Transmural Concentration Profiles
Profiles of tracer concentration across the intima-media are shown for upstream and downstream regions of the different age groups in Fig 5a through 5e. The profiles summarize data from a subset of specimens comprising three branches per animal and at least three sections from each branch. For the downstream regions of groups 1 and 2, the profiles show a nearly smooth decrease in concentration from the luminal surface to the outer media. For all other profiles the concentration decreased initially but then remained essentially constant throughout the central region of the wall. The discontinuities shown in the deepest layers of the wall are artifactual, reflecting changes in sample size; for the greatest distances into the media, data could be obtained from only a small number of sections. A slight rise toward the adventitial border was seen in a few profiles.

View larger version (23K): [in this window] [in a new window]   Figure 5. Profiles showing tracer concentrations, expressed as a percentage of the concentration in plasma, at different depths from the luminal surface. Data for age groups 1-5 are shown in a through e, respectively, with upstream profiles on the left and downstream on the right. Note the different concentration scale used in a.
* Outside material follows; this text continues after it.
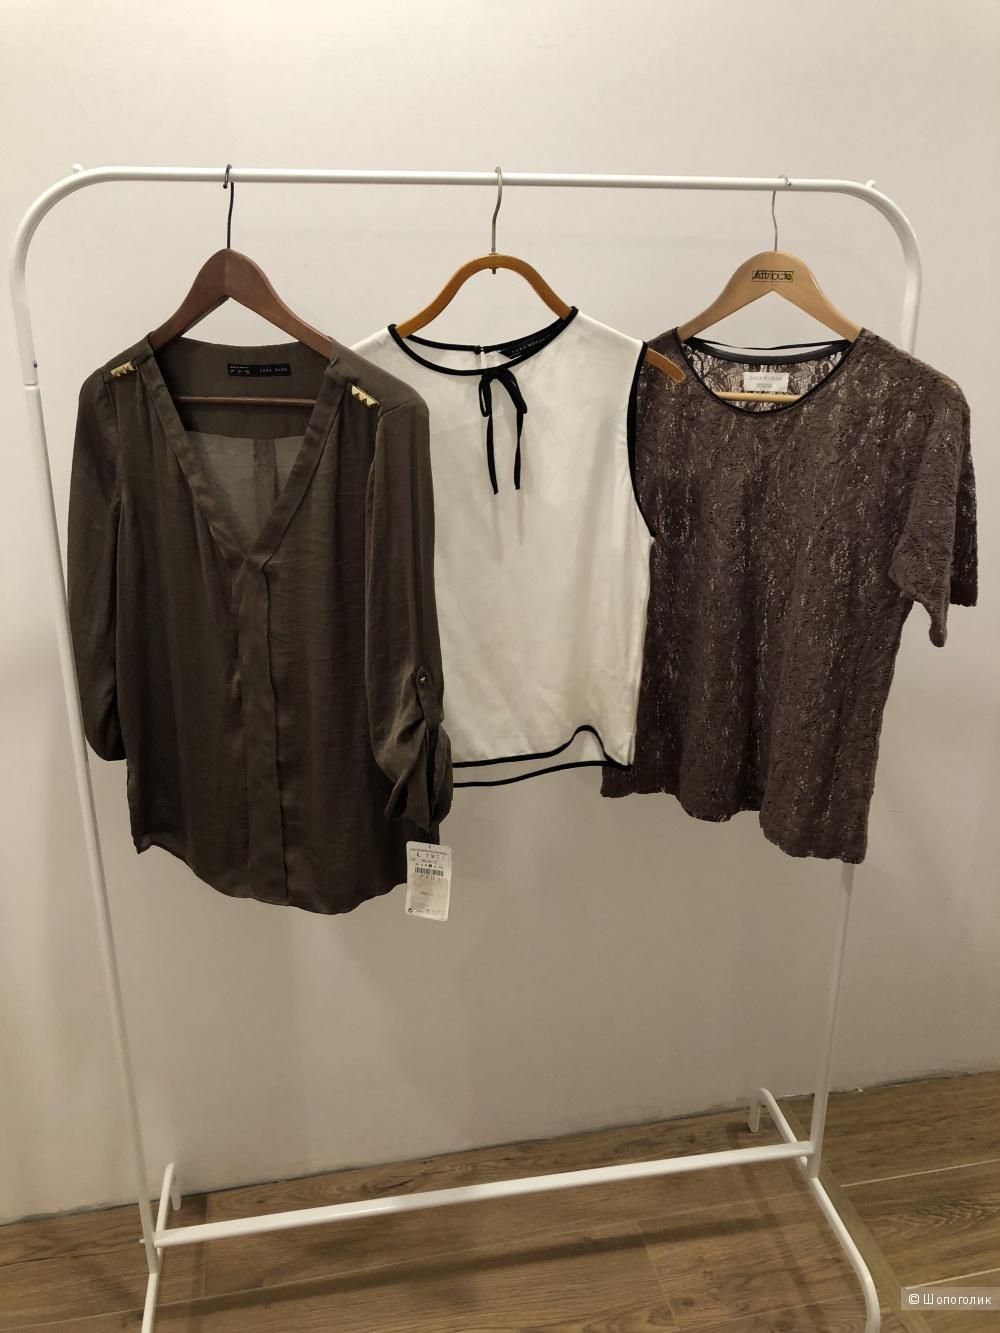 Сет из 3 вещей, Zara, размер L

Values are mean (——)±SEM (----); n=6-9 branches for each profile.

In groups 1 and 2, the maximum concentration and the depth required for the decline from this level to the minimum value were both substantially greater downstream of the branch. Comparable trends in the opposite direction were not readily discernible for groups 3 through 5, reflecting the smaller differences between regions in mature animals. Differences between regions were apparent at depths where the profiles had reached nearly steady levels but in some cases tracer concentrations were so low that these differences approached the limit of detection. Although they seem to be consistent, a small error in the assessment of autofluorescence intensities would have lead to a significant and systematic bias. Consequently, they must be interpreted with caution.

To ensure that such biases could not have introduced a significant error into the age-related patterns shown in Fig 4, mean differences between regions in mature animals were reexamined over the first five grid lines (14 µm), since tracer concentrations are high enough for the reliable detection of small differences up to this depth. No evidence for the presence of biases was obtained. The mean difference of -22% was identical to the value for 10 lines and significantly below zero (t=3.26, P<.005, n=43). The variability remained high and therefore cannot be attributed to the difficulty of measuring low levels of tracer.
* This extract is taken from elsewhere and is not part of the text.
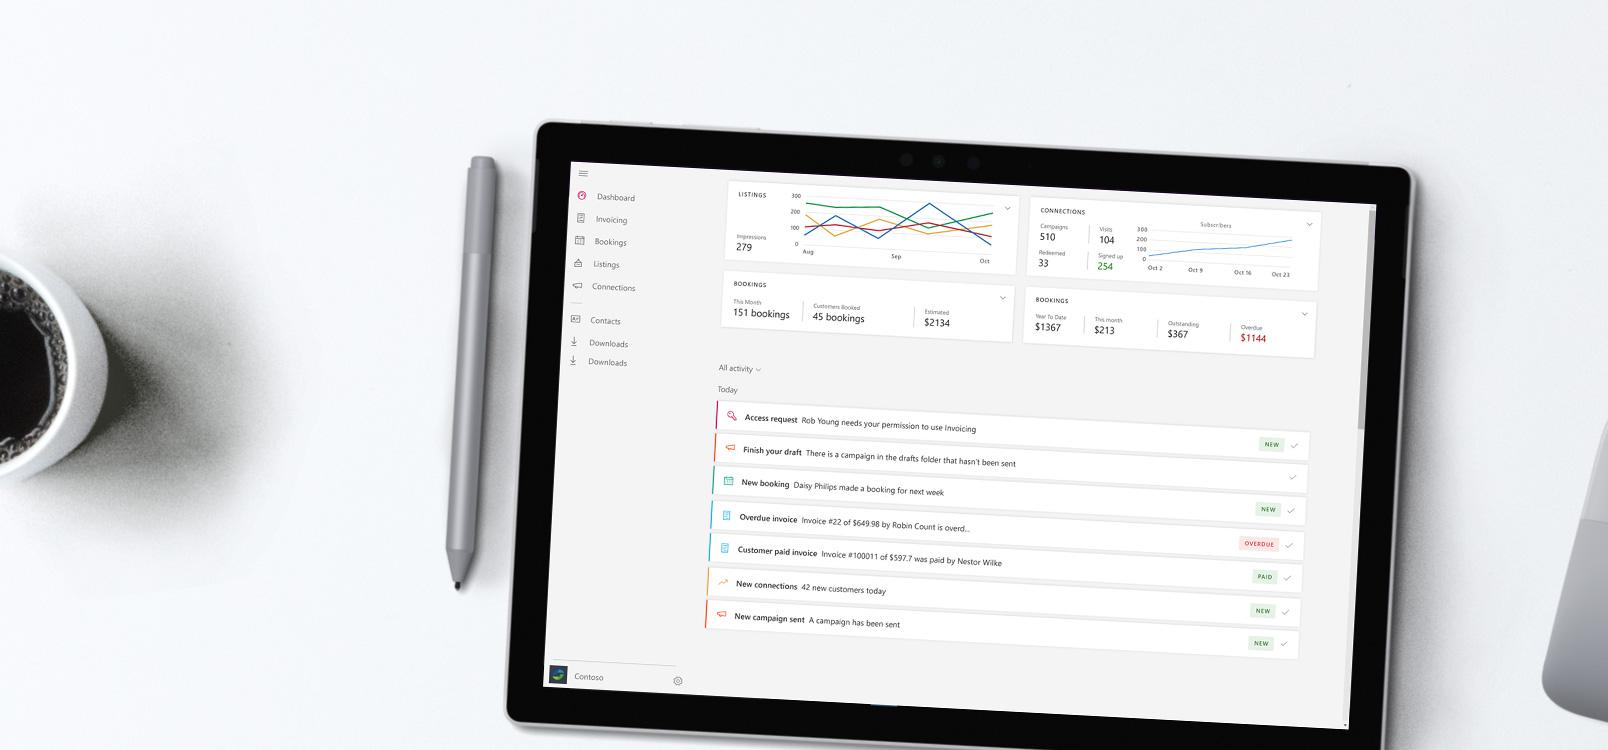 Máy tính xách tay hiển thị Trung tâm Office 365 Business

The distribution of tracer in the innermost layers of the wall sometimes showed unexpected patterns. In several regions, the concentration in the first slice was lower than would be predicted by extrapolation of the profile and in some cases was lower in absolute terms than the concentration in the next layer. This was particularly apparent in the downstream regions of younger animals and the upstream regions of older animals, where uptake was relatively high.

High-Resolution Profiles Across the Inner Wall
To obtain further information about the differences between regions in mature rabbits and the unexpected patterns seen in the innermost layers of the wall, the same images were reanalyzed by using a finer grid, in which lines were separated by 0.72 rather than 2.88 µm. This analysis was applied to the first 10 µm (14 lines) of the wall. The grid was superimposed over only a short segment of aorta in an attempt to reduce the blurring of profiles that results from averaging long regions of the wall. Data are shown in Fig 6a through 6e. Because only a short length of aorta was reanalyzed, there are minor discrepancies in the heights, but not the overall pattern, of the corresponding high- and low-resolution profiles.
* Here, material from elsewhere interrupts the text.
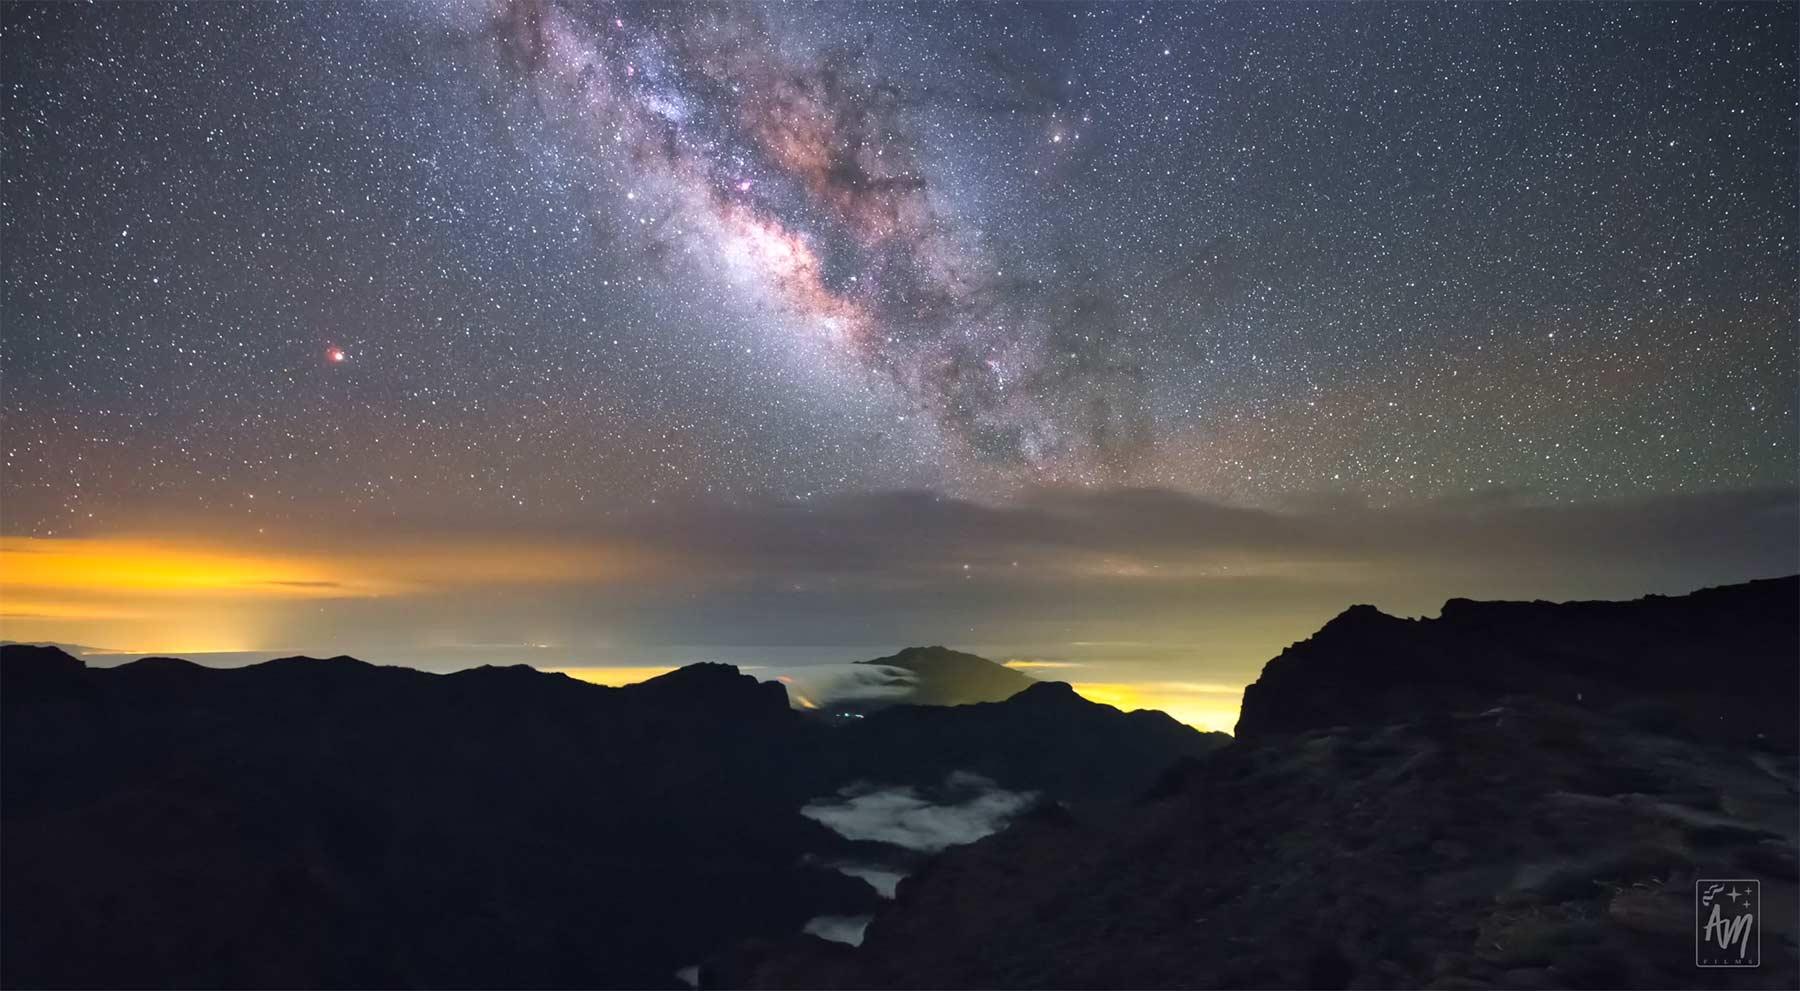 Wolkenteppiche und Sternenhimmel

View larger version (24K): [in this window] [in a new window]   Figure 6. High-resolution profiles showing tracer concentrations in the inner layers of the wall. Sample sizes and data presentation are the same as for Fig 5 except that concentration scales are the same in a through e.

Differences between upstream and downstream regions in mature animals were more clearly visible in the high- than the low-resolution profiles. Peak heights were greater and concentrations declined more slowly with depth in the upstream profiles. In addition, all the high-resolution profiles revealed an apparent rise in tracer concentration that occurred over at least the initial 1.7 µm of the wall. The rise is likely to be partly artifactual, reflecting the response of the measuring system to a sharp edge; the theoretical resolution of the system under the conditions used in the present study is approximately 1.5 µm. However, this limit is unlikely to account for the differences seen between profiles.

In groups 1 and 2, apparent maximum concentrations occurred deeper in the wall downstream than upstream of branches. This pattern was not seen in mature rabbits. In groups 3 and 5, the peaks occurred at the same depth in upstream and downstream regions, while in group 4 the peak was deeper in the upstream region. The depths at which the maxima occurred were not a simple correlate of the absolute fluorescence intensities, which would have suggested a measurement artifact. The trends were consistent with the patterns seen in the low-resolution profiles. In the downstream region of immature animals, and occasionally in the upstream region of older animals, the highest concentrations appeared not to occur in the innermost layer of the wall. Further investigations employing higher magnifications, higher-resolution equipment, and thinner sections are required to clarify which anatomic structures are involved and to allow comparison with previous studies that have examined tracer concentrations between the endothelium and internal elastic lamina.³⁸

Comparison With Transmural Profiles at Quasi– Steady State
A sample of images obtained in a previous study of quasi–steady state transport was reanalyzed by using the grid technique so that the transmural profiles could be compared with those for short-term uptake. The methods used to obtain the images have been reported in detail.²⁰ They were similar to the methods described above except that the tracer was allowed to circulate for 3 hours instead of 10 minutes; cannulation was performed under anesthesia rather than immediately after death; and, because reducing optics were not used, regions up to only 270 µm (not 370 µm) from the ostia were examined and the outermost layers of the media could not always be included.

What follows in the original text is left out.